Which raised an even bigger question for me. Is it time for our sector — whether we use CSRshared value, cleantech, impact investment or sustainability framing — to do a rigorous self-assessment? If so, should it be open-sourced or via an independent evaluation? Zoom or wide-angle? One-off or periodic? And using which criteria?

One devastating assessment I received at school was: “John sets himself low standards — and consistently fails to achieve them.” True, that was for a course where I struggled to see the relevance of what I was being taught. But how far have we gotten in persuading the Global C-Suite, the top teams of the world’s most powerful companies, of the relevance of our own agenda?

Various people have pulled together various elements of the ongoing transition: Jeremy Leggett of Solarcentury on the renewables front, for example; Jeremy Rifkin on the hydrogen economy; Bob Eccles and Michael Krzus on integrated reporting; and Janine Benyus on biomimicry. But these fields are still often effective silos — and it is often striking how little people in one area know about what is going on even in contiguous silos.

But some are pulling the various strands of the agenda together. Among people with a panoptic vision, Lester Brown long has stood out. The various versions of his Plan B progress reports have been required reading. Then came The B team with its own Plan B — and plans for a progress report late in 2015.

The World Business Council for Sustainable Development, too, is pushing beyond its Vision 2050 to develop an Action 2020 platform — where the focus is on solutions that are measurable, scalable, replicable, beyond business as usual, and good for business.

But would organizations such as WBCSD or the U.N. Global Compact dare to publicly assess their member companies’ progress toward a declared global benchmark — such as that under development by the 3D Investment Foundation and The Natural Step Canada? Would The B team publish the progress of its expanding membership against the priorities expressed in its own Plan B and in the linked book I wrote with Jochen Zeitz, “The Breakthrough Challenge”?

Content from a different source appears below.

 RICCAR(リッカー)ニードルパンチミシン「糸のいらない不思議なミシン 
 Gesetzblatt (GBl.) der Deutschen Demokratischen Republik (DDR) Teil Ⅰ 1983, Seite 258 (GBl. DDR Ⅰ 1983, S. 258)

And, critically, would such organizations be willing to publish the ratios between where their members are and where they need to be, as the Stockholm Resilience Center has done (generically) with its Planetary Boundaries analysis — and the Global Footprint Network with various countries?

Such questions are vital to ensure that we do not build our own echo chambers, as we long have accused business of doing. I take some comfort from the fact that I often break out of echo chambers, as when speaking to 900 company directors in Singapore recently. But look around most audiences we collectively engage and you still see a heavy representation of the usual suspects.

So what would someone from the 2070s, say, an examiner representing a future Court of the Generations, make of what we are collectively doing today? Would they give us a grade of Distinction — or Fail? Perhaps a gold star for effort?

Among questions they might ask: How good is the sustainability sector at converting scarce funding resources into impact and returns? We may talk about system change, but how would we know we were on track? Is the recent merger between the Carbon War Room and the Rocky Mountain Institute an early sign of a coming consolidation in the market — or something else? What influence are we having on governments? On the Global C-Suite? On entrepreneurs? And on education, particularly in business schools?

These are just some questions currently buzzing around my brain that I resolve to try to answer in the coming year — and years. A key focus of the coming year will be the challenge of aligning the next round of corporate targets with emerging global goals. Meanwhile, I am wide open to your suggestions as to how any such answers are best pursued and — when found — effectively communicated.